- Directed by: Olena Demyanenko
- Produced by: Olena Demyanenko
- Production company: Gagarin Media [uk]
- Distributed by: B&H Film Distribution Company [uk]
- Release date: 7 March 2019;
- Running time: 90 minutes
- Language: Ukrainian

= Hutsulka Ksenya =

Hutsulka Ksenya («Гуцулка Ксеня») is a 2019 Ukrainian musical film directed by Olena Demyanenko, based on the operetta of the same name by Yaroslav Barnych.

== Plot ==
Set in 1939 with the occupation of Western Ukraine, the Bolsheviks remain several weeks. In Vorokhta comes an American of Ukrainian origin Yaro (Maxim Lozinsky) to marry a Ukrainian. Only on this condition, he can the inherit large wealth of his father. Yuro is familiar with Ksenia (Varvara Lushchka), which changes his plans.

== Creative group ==
Screenplay — Olena Demyanenko (based on the operetta of the same name by Yaroslav Barnych).

Music — Yaroslav Barnych, Timur Polyansky and freak cabaret "Dakh Daughters".

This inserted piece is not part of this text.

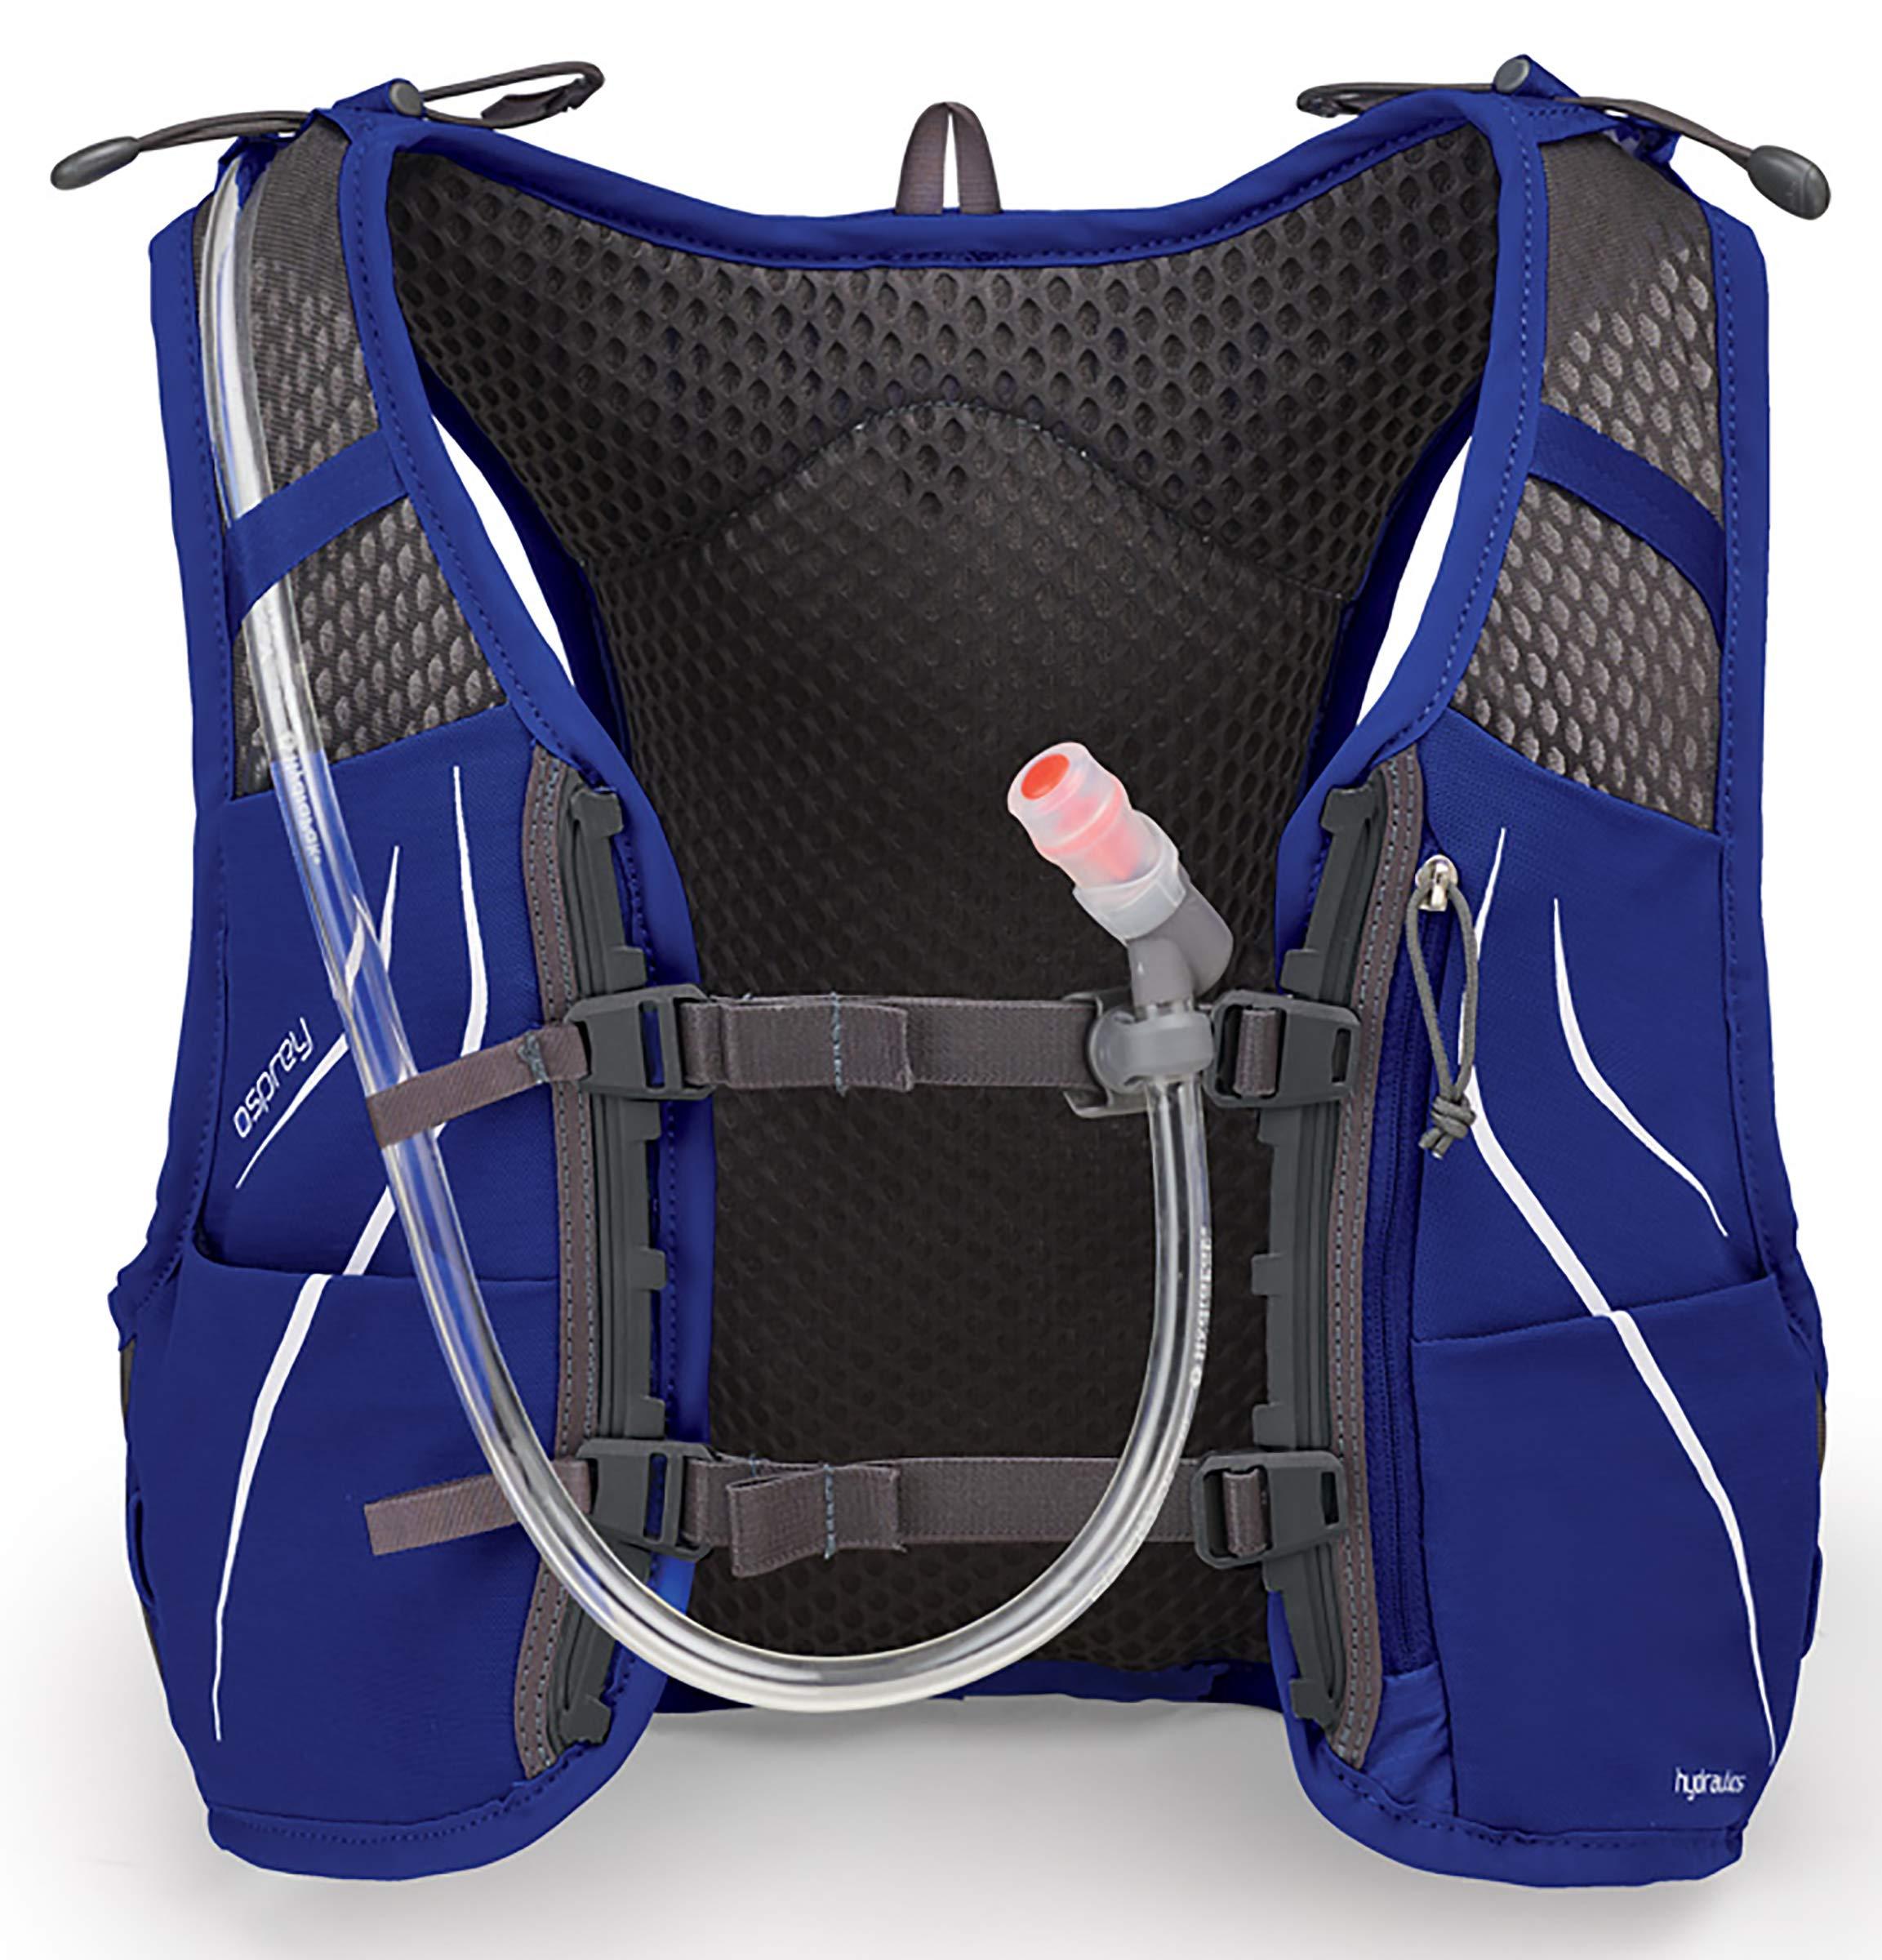 Osprey Packs Dyna 1.5L Women's Running Hydration Vest, Purple Storm, WS/Medium by Osprey (Image #2)

Tango director — Vyacheslav Grinchenko.

Directed by Olena Demyanenko.

The cinematographer is Dmitry Yashenkov.

Production designer— Yuri Larionov.

Costume designer — Nadiya Kudryavtseva.

Make-up artist — Vitaly Skopelidis.

Editing — Igor Rak.

Sound director — Artem Mostovy.

Executive producer — Eugenia Rauch.

Producers — Olena Demyanenko and Dmytro Tomashpolsky.

== Production ==

=== Estimate ===
Hutsulka Ksenya became one of the winners of the ninth competitive selection of the State Enterprise. The share of financing Derzhkino — ₴ 23.9 million from total estimate in ₴ 47.8 million.

=== Film ===
The shooting pavilion took place at the Kyiv film studio named Dovzhenko on specially built 15 objects. Nature shooting for the film took place in the Carpathians and in the Zhytomyr region.

=== Soundtrack ===
Lyrics and music for the film soundtrack wrote and accomplished the Kyiv Music Group “Dakh Daughters” and other performers.

== Release ==
The film came out in a wide Ukrainian rental on March 7, 2019, Distributor — B&H. The film came out on the Takflix Vod platform on February 27, 2020.

The tape received approvals from Ukrainian film critics.

=== Awards ===
On July 1, 2019, the film won the Grand Prix of the festival “Mt. Fuji — Atami International Film & VR Festival”, which takes place in Japan.

At the IV Golden Whirlwind Film Awards, held on May 3, 2020, in the online show mode, the film was presented in nine nominations (sharing 2-3 places with the film “My thoughts are quiet” and skipping ahead of the film “Home” — 11 nominations). He won two nominations — “Golden Whirlwind Award for Best Composer” (Timur Polyansky, Dakh Daughters Freak Cabaret) and “Best Song” (“Mermaid Mavka”, Dakh Daughters Freak Cabaret).